The present disclosure herein relates to optical distribution network management, and more particularly, to an apparatus and method for recognizing optical connector connection for automatically recognizing an optical connection point.
As point-to-point optical network technology, passive optical network (PON) technology is under standardization by the IEEE and ITU-T, and until now, Ethernet PON (EPON) and Giga-capable PON (GPON) technologies, which provide a transmission speed of 1 Gbps or 2.5 Gbps per PON link, have been mainly used.
In addition, commercialization of 10G EPON and XG-PON (i.e. 10 Gigabit-capable PON) technologies, which provide 10 Gbps transmission speed per link, is near at hand, and time and wavelength division multiplexing PON (TWDM-PON) technology targeting 40 Gbps transmission speed is under standardization by ITU-T SC15.
Due to recently rapidly increasing mobile data traffic, a request for PON capable of effectively accommodating the mobile data traffic becomes higher
The PON technology, which is representative technology of FTTH/B for providing a rapid transmission speed to subscribers by using optical fibers, enables relatively expensive optical communication technology to be constructed and operated at a low cost and is rapidly replacing existing copper line based technologies such as xDSL and HFC, etc. However, compared to optical fibers and nodes, which are increasing every year, optical network infra management is being manually performed (e.g. paper label-based recognition for optical distribution ports). Such a manual connection and recognition method for optical connection points lowers accuracy of network topology information to make it difficult to provide a rapid service.

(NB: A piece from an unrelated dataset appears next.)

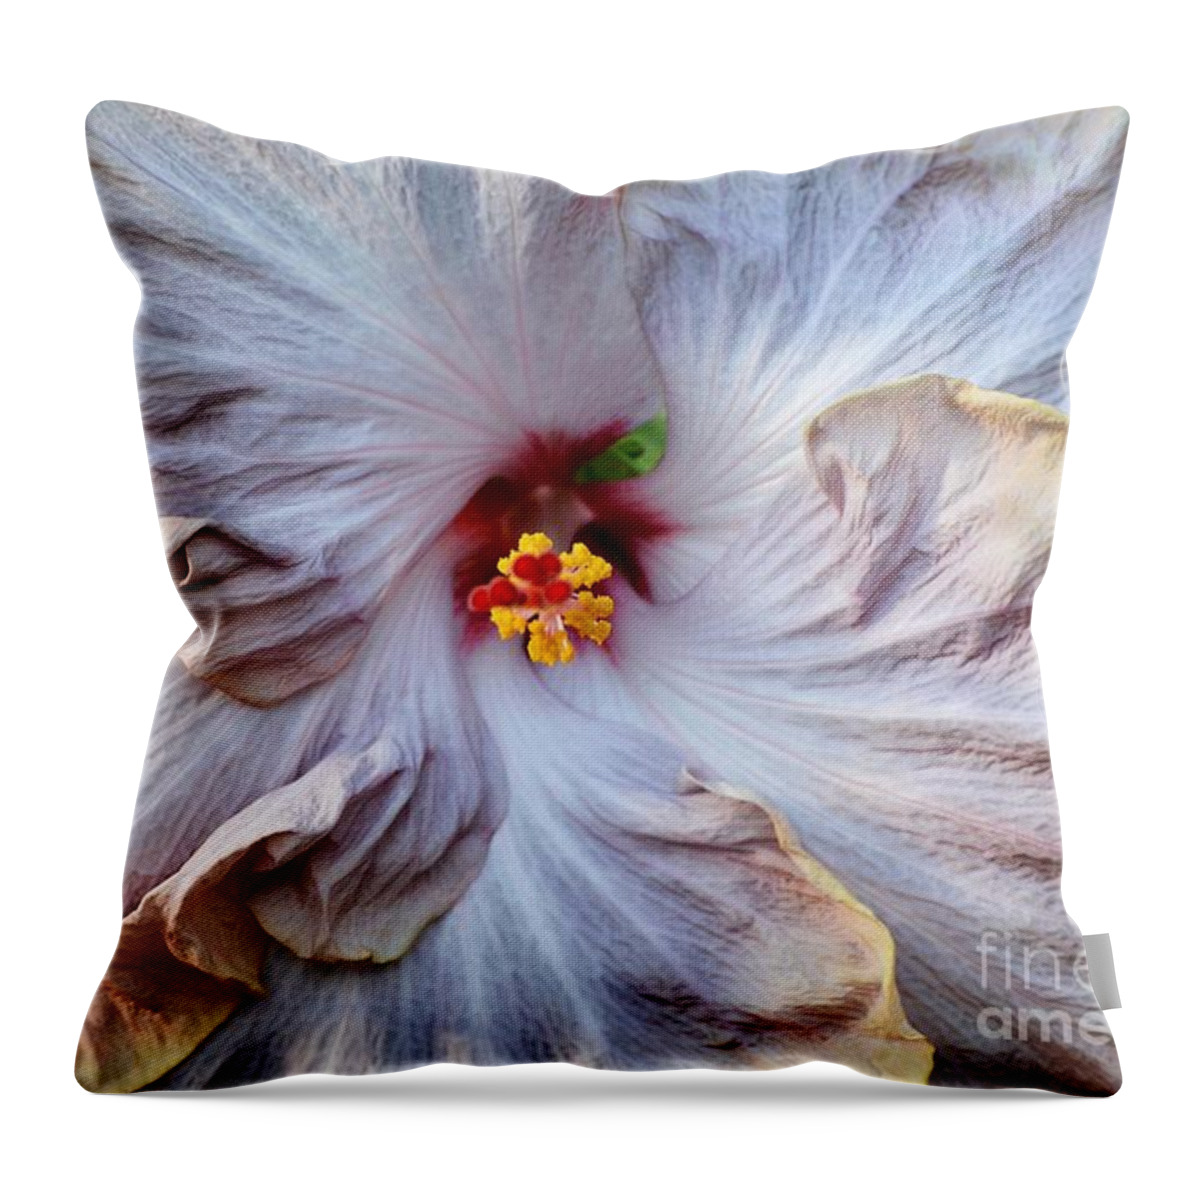 Flowers Throw Pillow featuring the photograph Muted Hibiscus by Cindy Manero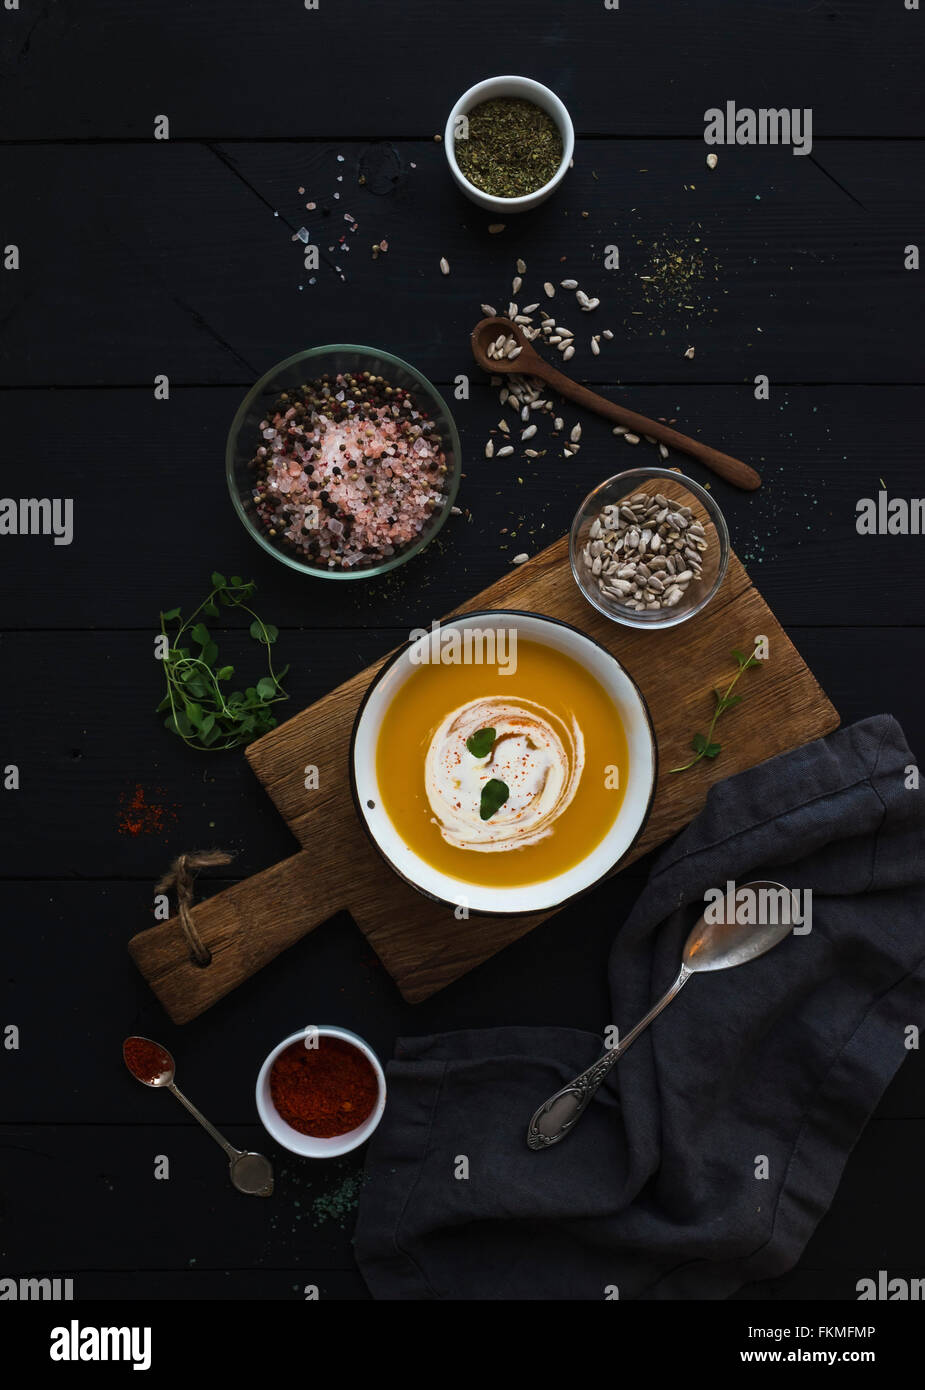 Pumpkin soup with cream, seeds and spices in rustic metal bowl on wooden board over grunge black background. Top view Stock Photo

Connection management between optical connectors and optical adaptors in an optical distribution network (ODN) is performed by a field engineer in a manual manner that identification is performed through paper labels. Accordingly, even in a view of service provider who runs a network, reality is that it is difficult to know how the ODN is coupled unless the engineer directly checks with his/her own eyes in the field. Due to new network service subscribers or existing subscribers' quitting, environment settings of optical connectors in an optical distribution frame are periodically changed. Then it is difficult to distinguish the optical connectors from the optical adaptors in the optical distribution frame to cause frequent binding errors and service delivery delays.
In order to address such limitations, NTT in Japan proceeds research and development to make it easy to recognize an optical fiber infra by using barcodes or quick response (QR) codes on optical connectors, splitters, and optical distribution frames, which configure an optical distribution network. On the other hand, Huawei in China develops an intelligent ODN with an ODN management platform and makes an effort in marketing and standardization.
In order to manage optical connection points in the ODN, technology for recognizing whether an optical connector is connected is necessary. Although it is known that RFID technology is used for recognizing optical connector connection, it is not free to manufacture a tag shape and in particular, a reader in which wireless communication technology is realized becomes complex. In such optical connector connection recognition technology, a low realization cost and low power driving are strongly required.